Janvier and Illium stayed outside while Ashwini went in. Closing the door behind her with a quiet snick and steeling herself for what she might see, she faced the bed. They’d put the victim in a private room with a sprawling view of the field of fallen stars that was the night-draped city. The woman on the bed, however, wasn’t concerned with the scenery.

She lay flat on her back, staring up at the ceiling with dull brown eyes that were sharply slanted. Paired with the knife-edge cheekbones that now pushed painfully against her skin, those eyes would’ve given her a feline kind of beauty once, stunning and sensual. Her only flaw, for those who would see it that way, was the birthmark that covered the left side of her face and part of her neck, the color dark as port wine.

Once again, the killer had chosen a woman who may well have been vulnerable, a target wounded by the world until she’d been willing to overlook the danger signs in hope of love and safety.

Her face had shrunken in on itself, the majority of her skin a papery white that appeared leathery from a distance; Ashwini was certain that was an illusion, that it would prove as thin and brittle as Felicity’s. The woman’s fingernails were cracked and broken, her frame emaciated, and her black hair so thin, it felt as if a touch would turn it to dust.

A bandage covered her throat, the flesh below no doubt torn and ripped.

When Ashwini gently lifted the sheet, she saw bruises and bite marks on every inch of skin exposed by the thin hospital gown. That, however, was where the resemblance to Felicity ended. Where Felicity had been a mummified husk, this woman still had some blood in her body, some flesh on her bones. As if she’d escaped before the process was complete.

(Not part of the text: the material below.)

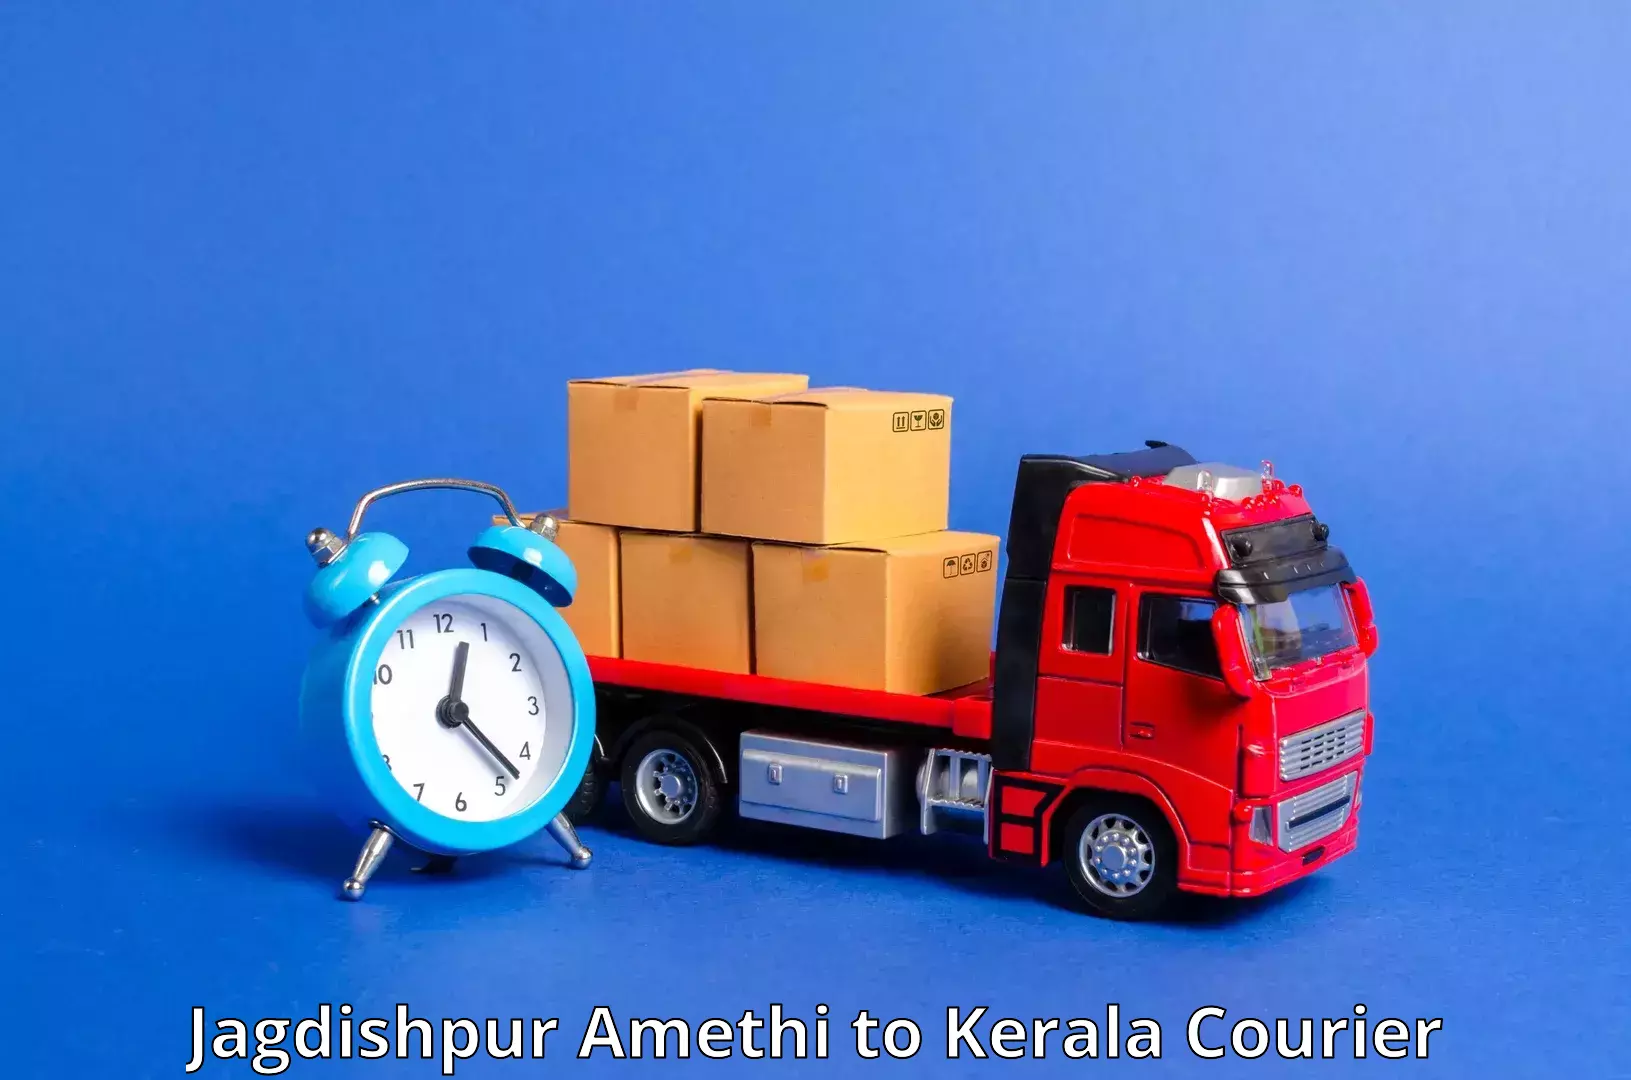 Cash on delivery service Jagdishpur Amethi to Thalassery

Ashwini was certain she’d been released on purpose.

Replacing the sheet, careful not to nudge the IV lines that dripped into the woman, she said, “I’m Ash. My job is to find out who did this to you. Help me.”

No response.

Not about to give up, she grabbed a chair from the corner and took a seat beside the bed. Then she started talking about Felicity, about what they’d found so far. “This,” she said at the end, “what the bastard’s done to you, what he did to Felicity, it isn’t right and it needs to be stopped.”

Nothing.

Ashwini wasn’t even sure the victim had blinked the entire time she’d been talking. Accepting that perhaps the woman simply couldn’t reply, that she’d been broken on too deep a level, Ashwini rose to her feet and put the chair back where it had been. However, when she would’ve left the room, something made her turn back.

No change, not even a whisper, and yet . . .

She returned to the bed, stared at the hand that lay so fragile and emaciated inches from her. It hadn’t been visible when she’d replaced the sheet. “Speak to me,” Ashwini whispered, but the woman continued to stare up at the ceiling.

Yet her hand, it lay in front of Ashwini like an invitation.

Throat working and skin hot, she flexed and unflexed her own hand. Her instincts screamed that she had permission, that the woman trapped in that shell of a body was crying out to her on a frequency no one else could hear. Still, she hesitated. This wouldn’t be like with old and wise Keir, or with the young and teary-eyed teenager who’d discovered Felicity’s body.